What is needed here is an exact repetition of the records below, beginning at the line that has "Size Medium Victoria’s" and stopping after the line that has "1920x1080 6 Broken".

(Provided material):
-- Opening Marker --

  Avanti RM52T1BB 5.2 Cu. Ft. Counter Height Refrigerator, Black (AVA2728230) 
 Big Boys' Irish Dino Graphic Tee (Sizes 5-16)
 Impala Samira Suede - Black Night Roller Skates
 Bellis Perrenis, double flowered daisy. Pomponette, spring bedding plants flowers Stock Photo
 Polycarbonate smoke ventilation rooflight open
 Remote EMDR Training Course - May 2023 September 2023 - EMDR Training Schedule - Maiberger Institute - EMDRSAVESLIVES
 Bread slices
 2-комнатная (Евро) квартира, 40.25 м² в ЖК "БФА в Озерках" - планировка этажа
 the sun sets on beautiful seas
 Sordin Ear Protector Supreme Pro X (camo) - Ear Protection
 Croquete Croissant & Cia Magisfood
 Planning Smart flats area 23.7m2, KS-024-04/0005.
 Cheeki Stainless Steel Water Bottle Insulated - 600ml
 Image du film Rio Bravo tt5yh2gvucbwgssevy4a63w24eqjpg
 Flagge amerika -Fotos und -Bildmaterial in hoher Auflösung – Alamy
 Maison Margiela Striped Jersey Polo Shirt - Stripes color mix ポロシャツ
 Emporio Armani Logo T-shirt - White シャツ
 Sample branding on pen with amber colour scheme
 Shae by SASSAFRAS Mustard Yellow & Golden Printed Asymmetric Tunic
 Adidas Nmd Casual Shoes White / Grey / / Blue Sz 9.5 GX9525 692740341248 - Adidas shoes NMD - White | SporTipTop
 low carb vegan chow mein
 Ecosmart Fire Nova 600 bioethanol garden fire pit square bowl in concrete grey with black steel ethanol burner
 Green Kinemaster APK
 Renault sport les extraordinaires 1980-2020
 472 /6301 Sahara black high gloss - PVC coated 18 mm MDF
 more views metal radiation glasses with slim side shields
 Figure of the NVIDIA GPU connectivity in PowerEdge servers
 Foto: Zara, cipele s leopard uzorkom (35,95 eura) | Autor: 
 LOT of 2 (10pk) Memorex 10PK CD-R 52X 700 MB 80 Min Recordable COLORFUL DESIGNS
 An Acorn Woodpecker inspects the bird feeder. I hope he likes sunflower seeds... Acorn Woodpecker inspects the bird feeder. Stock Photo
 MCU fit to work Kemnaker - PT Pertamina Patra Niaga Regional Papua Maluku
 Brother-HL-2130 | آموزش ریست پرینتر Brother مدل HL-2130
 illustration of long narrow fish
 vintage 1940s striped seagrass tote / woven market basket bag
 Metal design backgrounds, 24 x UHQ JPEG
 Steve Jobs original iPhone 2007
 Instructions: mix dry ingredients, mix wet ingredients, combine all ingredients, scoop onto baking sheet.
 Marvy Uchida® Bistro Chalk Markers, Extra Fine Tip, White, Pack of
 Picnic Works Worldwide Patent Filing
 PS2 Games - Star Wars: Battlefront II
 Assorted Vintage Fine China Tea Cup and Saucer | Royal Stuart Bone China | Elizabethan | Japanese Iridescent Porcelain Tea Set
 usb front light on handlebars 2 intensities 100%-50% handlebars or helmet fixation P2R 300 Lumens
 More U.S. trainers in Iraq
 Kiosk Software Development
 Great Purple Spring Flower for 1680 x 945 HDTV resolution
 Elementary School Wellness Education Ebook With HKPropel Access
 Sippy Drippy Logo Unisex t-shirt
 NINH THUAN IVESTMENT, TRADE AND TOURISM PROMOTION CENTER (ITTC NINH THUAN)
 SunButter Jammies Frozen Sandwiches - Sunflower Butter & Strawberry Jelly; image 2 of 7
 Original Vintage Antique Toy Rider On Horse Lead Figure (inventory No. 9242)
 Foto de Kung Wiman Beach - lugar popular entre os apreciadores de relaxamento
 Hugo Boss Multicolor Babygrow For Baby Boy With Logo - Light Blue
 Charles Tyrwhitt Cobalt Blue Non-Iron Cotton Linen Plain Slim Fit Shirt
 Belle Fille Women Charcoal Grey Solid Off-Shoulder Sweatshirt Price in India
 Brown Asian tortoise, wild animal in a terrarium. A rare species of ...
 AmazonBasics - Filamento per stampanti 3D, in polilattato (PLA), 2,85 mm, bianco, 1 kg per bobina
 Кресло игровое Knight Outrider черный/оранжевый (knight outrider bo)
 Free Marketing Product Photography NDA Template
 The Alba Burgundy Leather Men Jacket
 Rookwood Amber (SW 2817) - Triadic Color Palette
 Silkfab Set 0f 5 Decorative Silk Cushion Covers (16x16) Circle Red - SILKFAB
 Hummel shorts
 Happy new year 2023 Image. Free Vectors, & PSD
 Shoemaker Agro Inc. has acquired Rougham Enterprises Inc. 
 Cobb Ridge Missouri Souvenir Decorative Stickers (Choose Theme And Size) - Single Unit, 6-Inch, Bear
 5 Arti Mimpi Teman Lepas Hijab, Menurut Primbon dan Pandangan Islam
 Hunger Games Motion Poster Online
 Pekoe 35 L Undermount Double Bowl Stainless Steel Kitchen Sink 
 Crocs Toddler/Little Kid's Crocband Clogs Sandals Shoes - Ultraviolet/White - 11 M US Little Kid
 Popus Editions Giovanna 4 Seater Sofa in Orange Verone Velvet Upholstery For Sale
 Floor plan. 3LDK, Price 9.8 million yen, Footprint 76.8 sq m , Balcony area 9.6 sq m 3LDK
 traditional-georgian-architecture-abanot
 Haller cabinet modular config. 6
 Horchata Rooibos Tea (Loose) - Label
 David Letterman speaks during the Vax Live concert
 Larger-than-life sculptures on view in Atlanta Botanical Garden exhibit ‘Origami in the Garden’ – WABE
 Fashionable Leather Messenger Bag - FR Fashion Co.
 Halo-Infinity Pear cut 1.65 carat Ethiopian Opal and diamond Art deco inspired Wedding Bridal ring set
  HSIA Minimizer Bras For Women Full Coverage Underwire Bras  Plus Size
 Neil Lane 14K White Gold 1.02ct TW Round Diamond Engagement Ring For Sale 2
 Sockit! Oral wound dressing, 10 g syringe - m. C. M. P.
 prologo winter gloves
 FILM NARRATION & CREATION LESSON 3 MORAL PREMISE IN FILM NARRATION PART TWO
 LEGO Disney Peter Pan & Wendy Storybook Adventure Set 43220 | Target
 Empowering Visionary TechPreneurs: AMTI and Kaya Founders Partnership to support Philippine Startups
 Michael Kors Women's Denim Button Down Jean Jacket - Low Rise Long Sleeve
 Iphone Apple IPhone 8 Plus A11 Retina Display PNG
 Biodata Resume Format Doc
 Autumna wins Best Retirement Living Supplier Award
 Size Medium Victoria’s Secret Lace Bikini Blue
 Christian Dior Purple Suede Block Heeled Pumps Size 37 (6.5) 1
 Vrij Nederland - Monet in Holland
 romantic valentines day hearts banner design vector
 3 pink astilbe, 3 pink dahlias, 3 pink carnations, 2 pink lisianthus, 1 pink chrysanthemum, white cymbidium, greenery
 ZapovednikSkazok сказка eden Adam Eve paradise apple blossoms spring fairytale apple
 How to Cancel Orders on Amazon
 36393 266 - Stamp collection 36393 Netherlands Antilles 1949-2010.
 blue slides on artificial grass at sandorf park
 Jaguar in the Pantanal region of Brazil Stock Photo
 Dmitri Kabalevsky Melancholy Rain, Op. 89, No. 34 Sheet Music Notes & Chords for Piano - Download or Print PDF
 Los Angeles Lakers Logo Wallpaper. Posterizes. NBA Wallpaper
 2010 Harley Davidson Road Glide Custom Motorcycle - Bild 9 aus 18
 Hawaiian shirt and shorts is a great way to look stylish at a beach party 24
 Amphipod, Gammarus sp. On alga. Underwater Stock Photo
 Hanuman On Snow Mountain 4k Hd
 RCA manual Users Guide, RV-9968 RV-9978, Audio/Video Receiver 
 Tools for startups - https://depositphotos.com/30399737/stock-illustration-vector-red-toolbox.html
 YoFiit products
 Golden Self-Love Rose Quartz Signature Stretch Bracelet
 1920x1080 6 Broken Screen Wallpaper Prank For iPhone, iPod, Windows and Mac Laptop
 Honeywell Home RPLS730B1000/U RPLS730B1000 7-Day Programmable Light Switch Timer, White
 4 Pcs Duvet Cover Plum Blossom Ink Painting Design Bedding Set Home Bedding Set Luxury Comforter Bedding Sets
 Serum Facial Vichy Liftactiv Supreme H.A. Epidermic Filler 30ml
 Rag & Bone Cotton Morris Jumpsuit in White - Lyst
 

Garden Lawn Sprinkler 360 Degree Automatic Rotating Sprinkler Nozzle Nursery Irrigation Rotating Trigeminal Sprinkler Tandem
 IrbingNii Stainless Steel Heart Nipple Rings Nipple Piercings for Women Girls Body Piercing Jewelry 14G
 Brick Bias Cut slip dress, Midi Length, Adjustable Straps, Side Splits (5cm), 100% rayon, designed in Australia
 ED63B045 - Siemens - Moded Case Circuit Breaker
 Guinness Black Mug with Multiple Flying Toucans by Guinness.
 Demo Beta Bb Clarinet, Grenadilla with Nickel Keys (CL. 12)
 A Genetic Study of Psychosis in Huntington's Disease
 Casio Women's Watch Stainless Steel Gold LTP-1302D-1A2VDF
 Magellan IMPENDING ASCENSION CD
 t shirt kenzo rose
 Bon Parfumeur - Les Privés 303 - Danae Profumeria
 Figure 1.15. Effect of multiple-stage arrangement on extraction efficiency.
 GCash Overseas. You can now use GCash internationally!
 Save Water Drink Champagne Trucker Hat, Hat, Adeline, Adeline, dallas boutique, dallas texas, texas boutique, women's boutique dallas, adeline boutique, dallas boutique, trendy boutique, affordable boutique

-- Closing Marker --

(Solution to this task):
 Size Medium Victoria’s Secret Lace Bikini Blue
 Christian Dior Purple Suede Block Heeled Pumps Size 37 (6.5) 1
 Vrij Nederland - Monet in Holland
 romantic valentines day hearts banner design vector
 3 pink astilbe, 3 pink dahlias, 3 pink carnations, 2 pink lisianthus, 1 pink chrysanthemum, white cymbidium, greenery
 ZapovednikSkazok сказка eden Adam Eve paradise apple blossoms spring fairytale apple
 How to Cancel Orders on Amazon
 36393 266 - Stamp collection 36393 Netherlands Antilles 1949-2010.
 blue slides on artificial grass at sandorf park
 Jaguar in the Pantanal region of Brazil Stock Photo
 Dmitri Kabalevsky Melancholy Rain, Op. 89, No. 34 Sheet Music Notes & Chords for Piano - Download or Print PDF
 Los Angeles Lakers Logo Wallpaper. Posterizes. NBA Wallpaper
 2010 Harley Davidson Road Glide Custom Motorcycle - Bild 9 aus 18
 Hawaiian shirt and shorts is a great way to look stylish at a beach party 24
 Amphipod, Gammarus sp. On alga. Underwater Stock Photo
 Hanuman On Snow Mountain 4k Hd
 RCA manual Users Guide, RV-9968 RV-9978, Audio/Video Receiver 
 Tools for startups - https://depositphotos.com/30399737/stock-illustration-vector-red-toolbox.html
 YoFiit products
 Golden Self-Love Rose Quartz Signature Stretch Bracelet
 1920x1080 6 Broken Screen Wallpaper Prank For iPhone, iPod, Windows and Mac Laptop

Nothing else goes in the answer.